• SUPPLIED MATERIAL:
------------
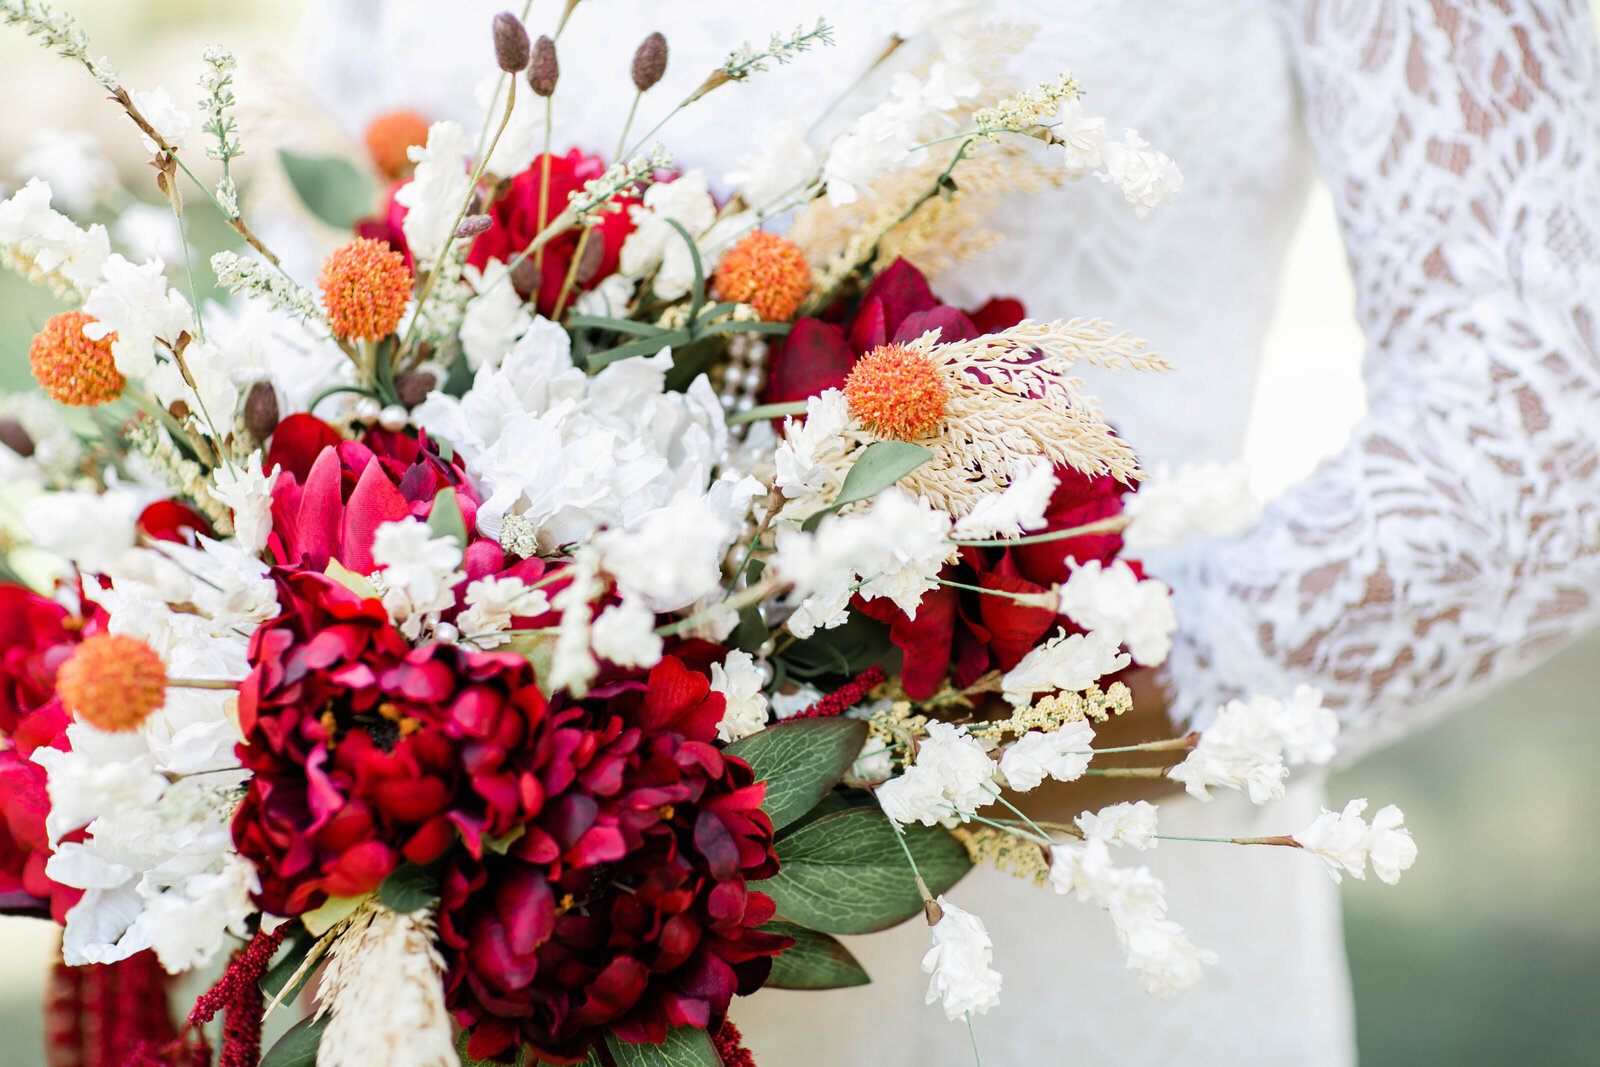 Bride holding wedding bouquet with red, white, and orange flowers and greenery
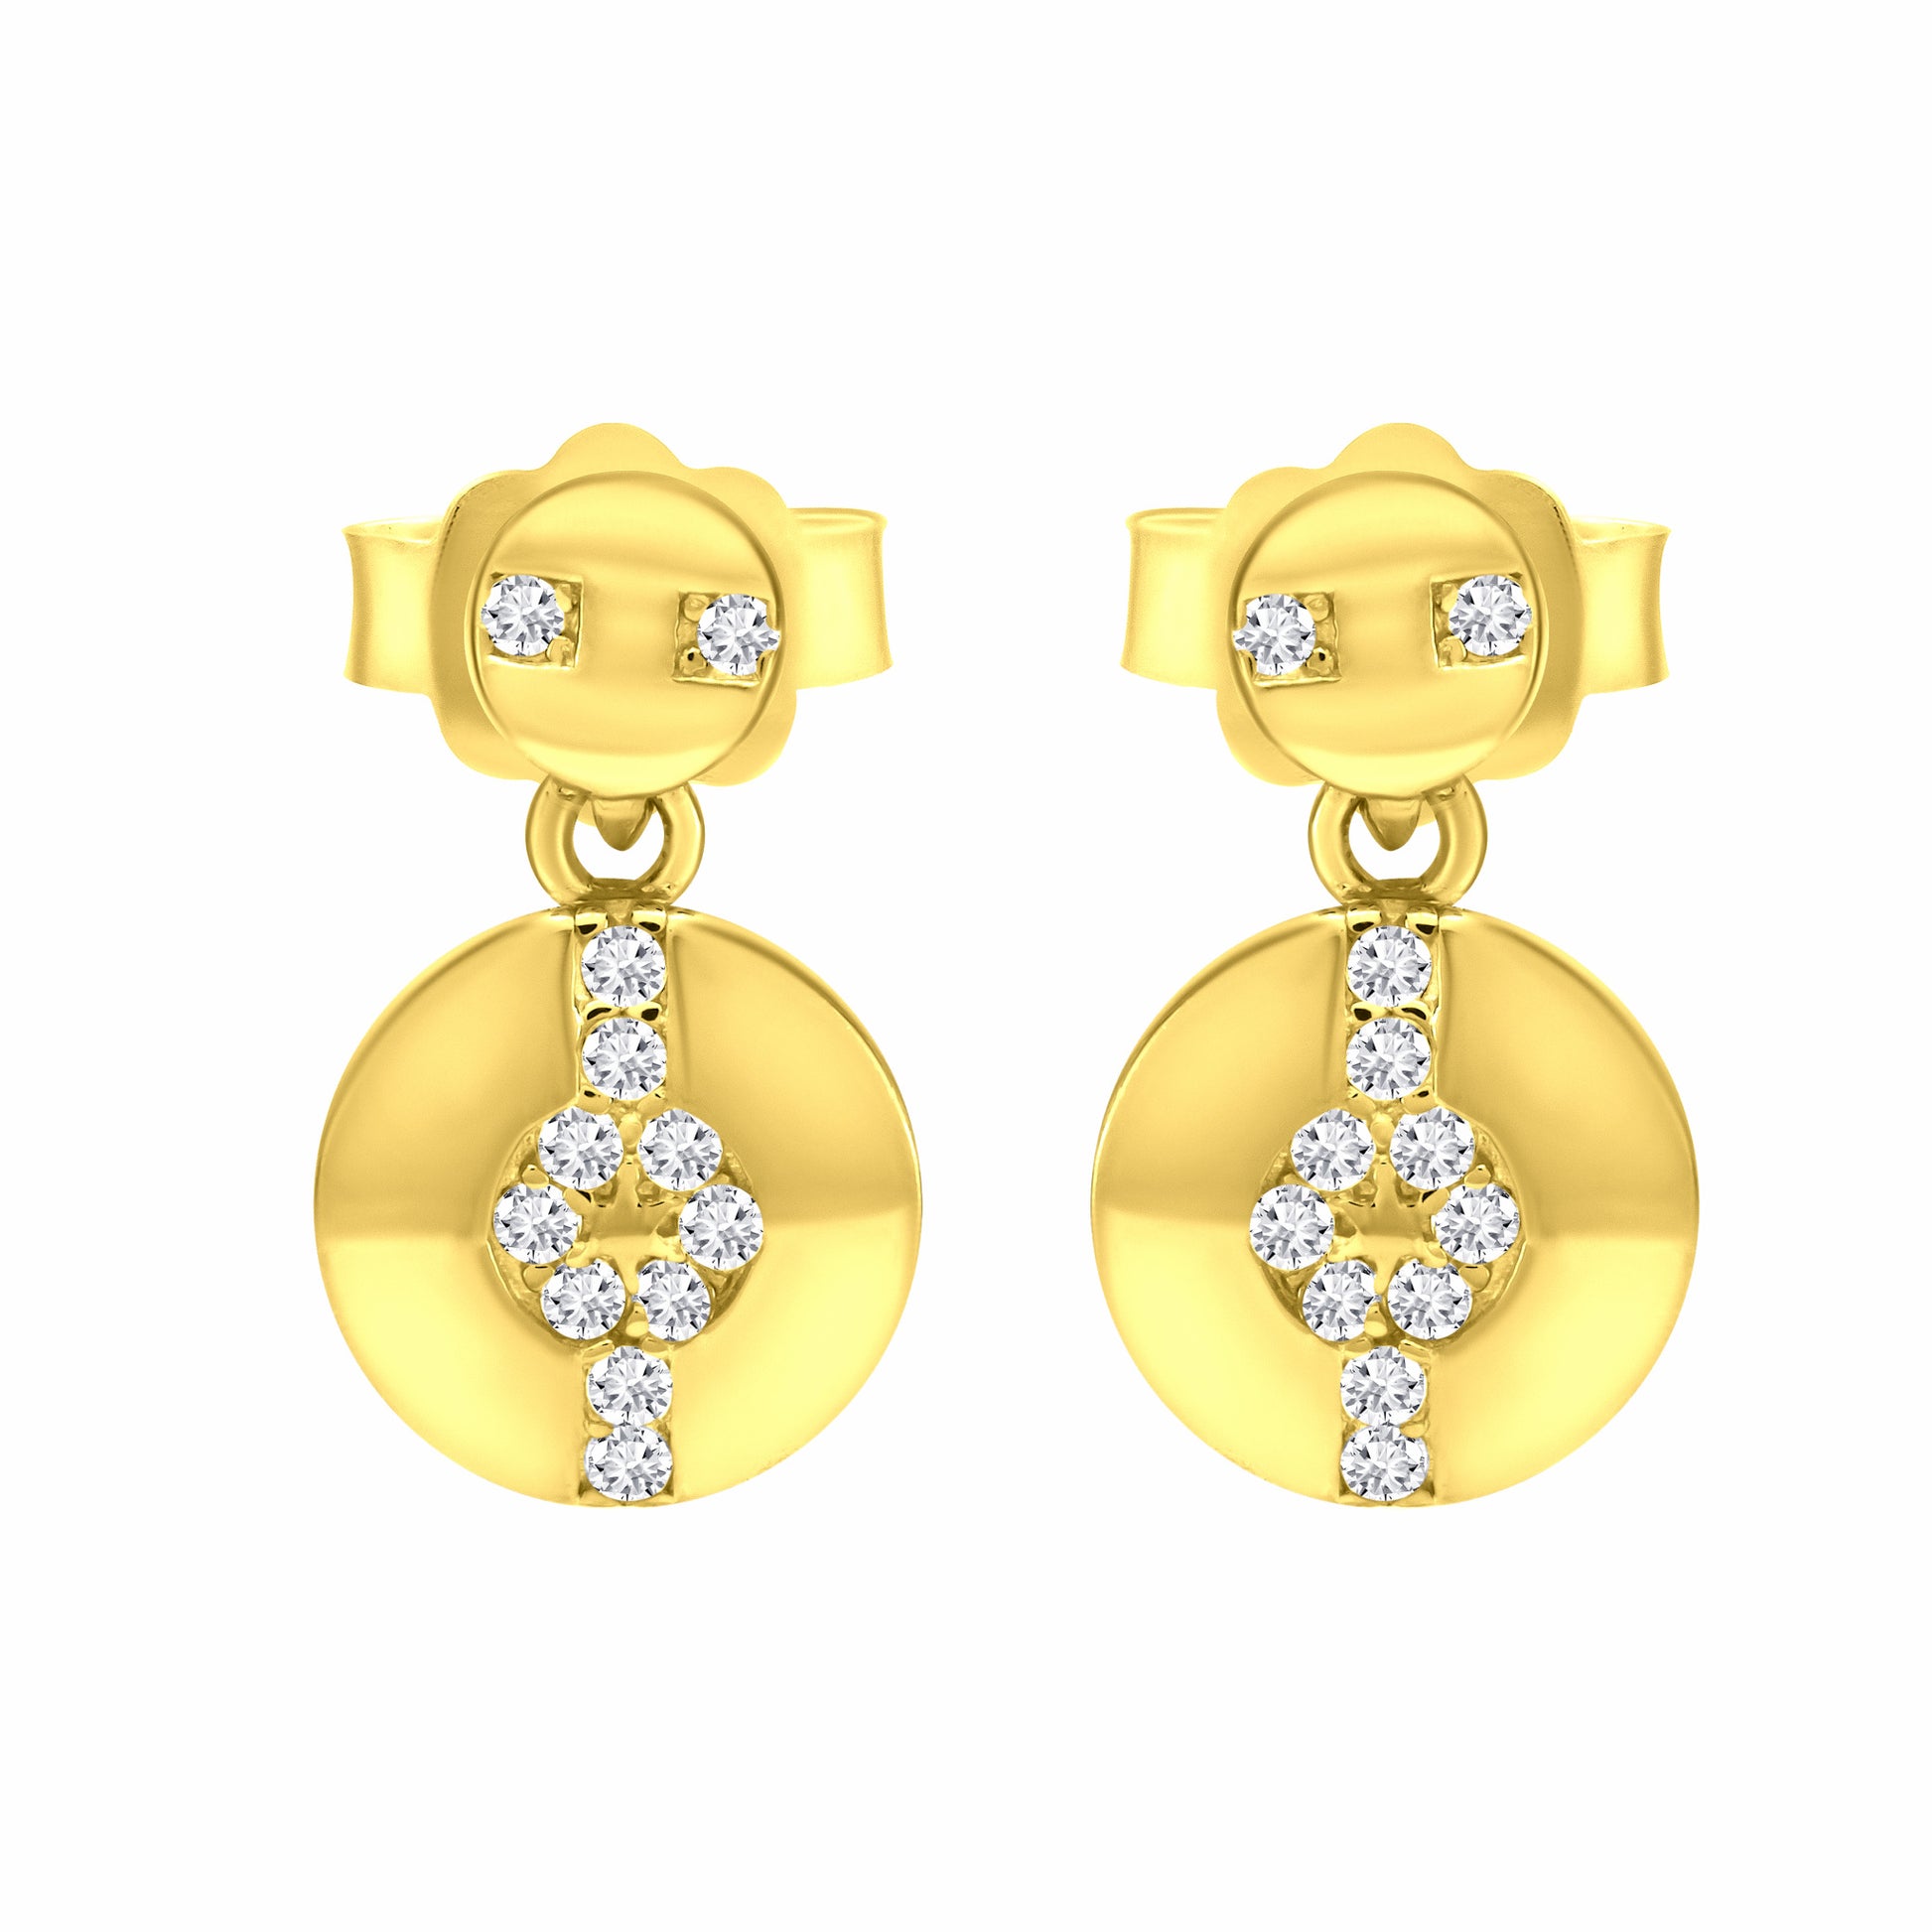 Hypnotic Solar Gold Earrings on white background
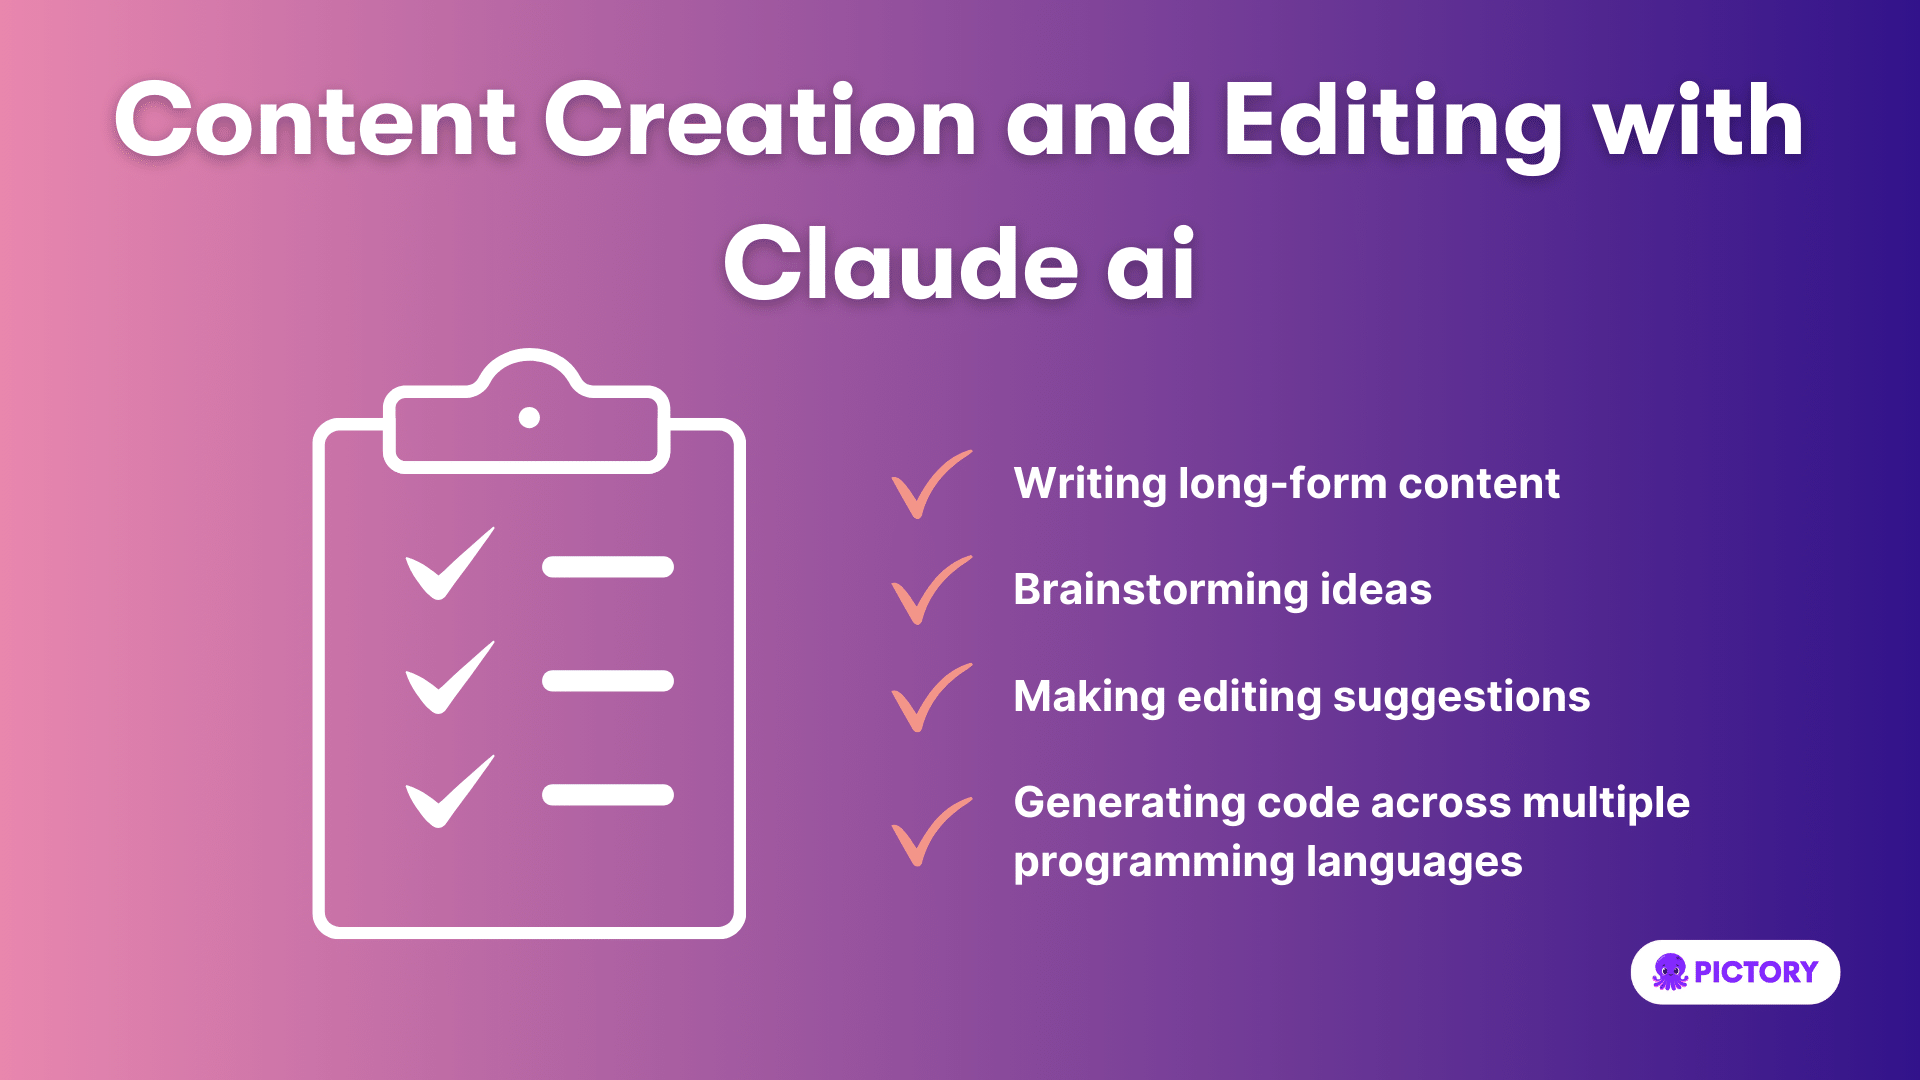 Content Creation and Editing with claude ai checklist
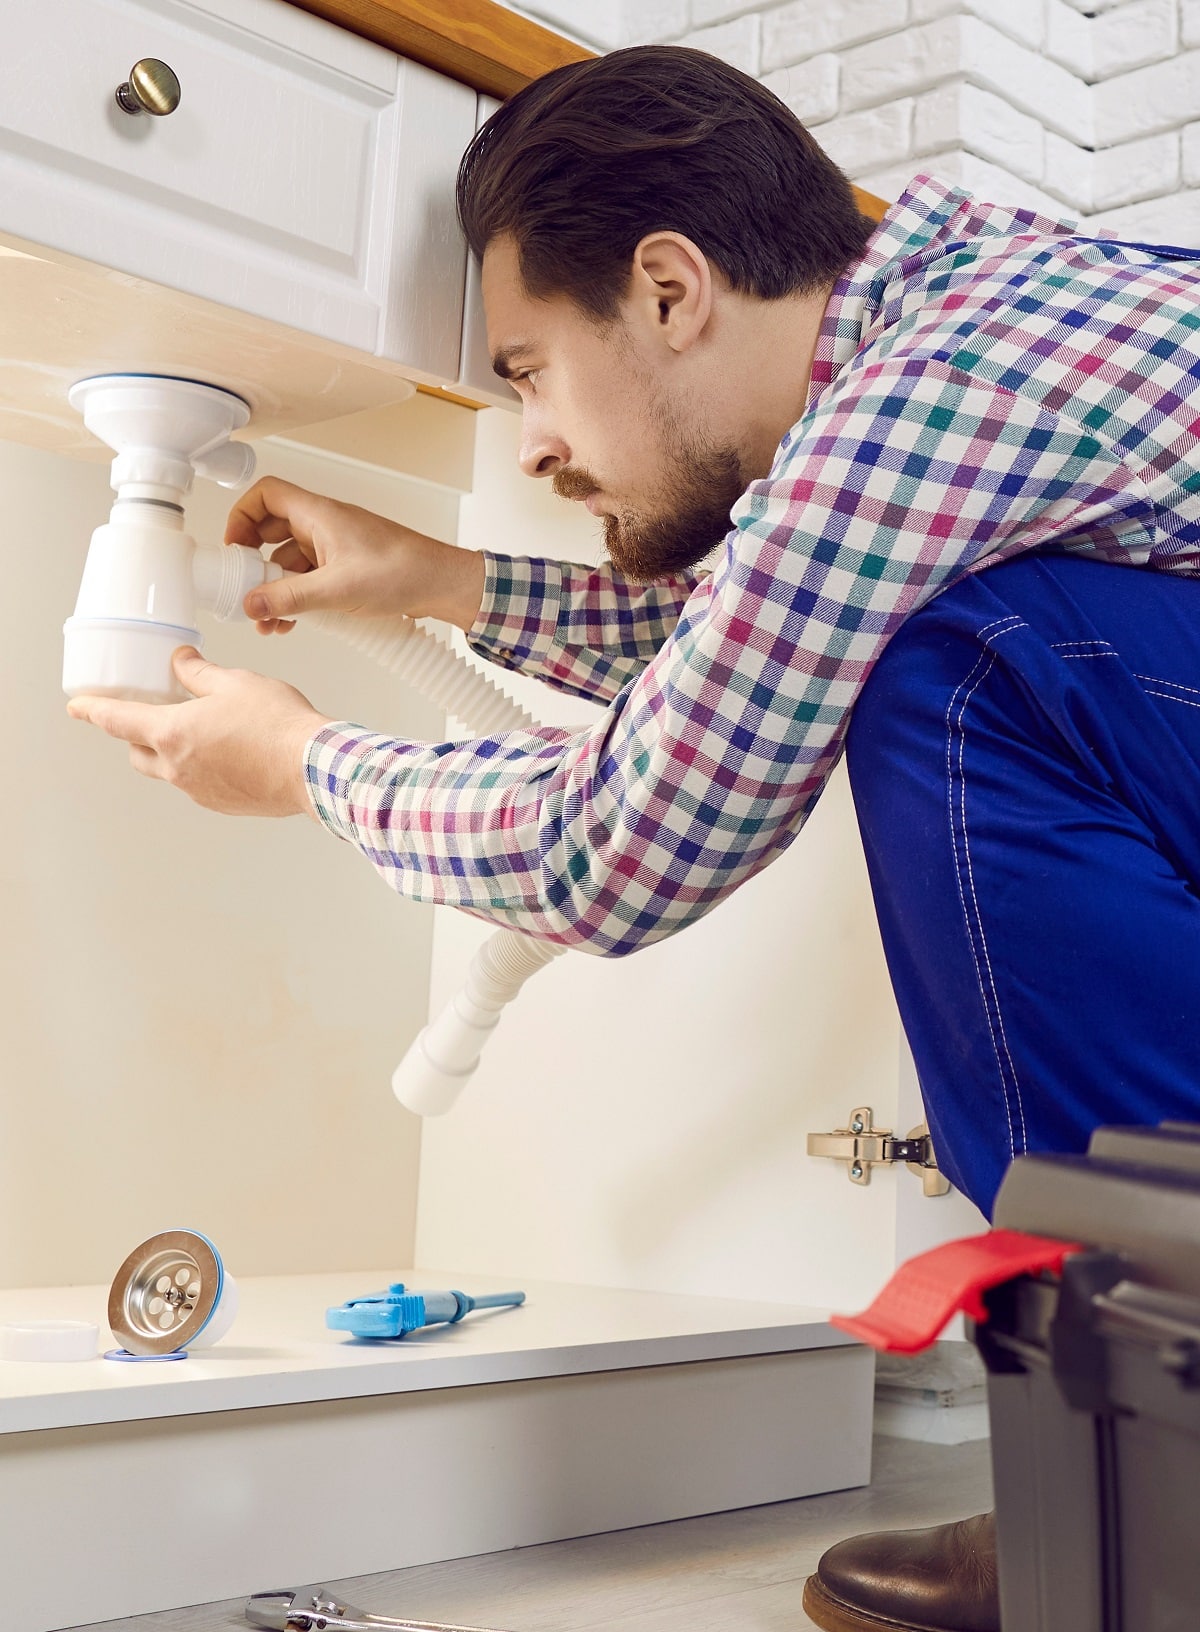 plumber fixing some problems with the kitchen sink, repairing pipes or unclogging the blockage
------------
• TASK: Transcribe exactly the span of lines from the line holding "Content Creation and" through the last line above, both included. Pictures stay out.

• SOLVED PROBLEM:
 Content Creation and Editing with claude ai checklist
 plumber fixing some problems with the kitchen sink, repairing pipes or unclogging the blockage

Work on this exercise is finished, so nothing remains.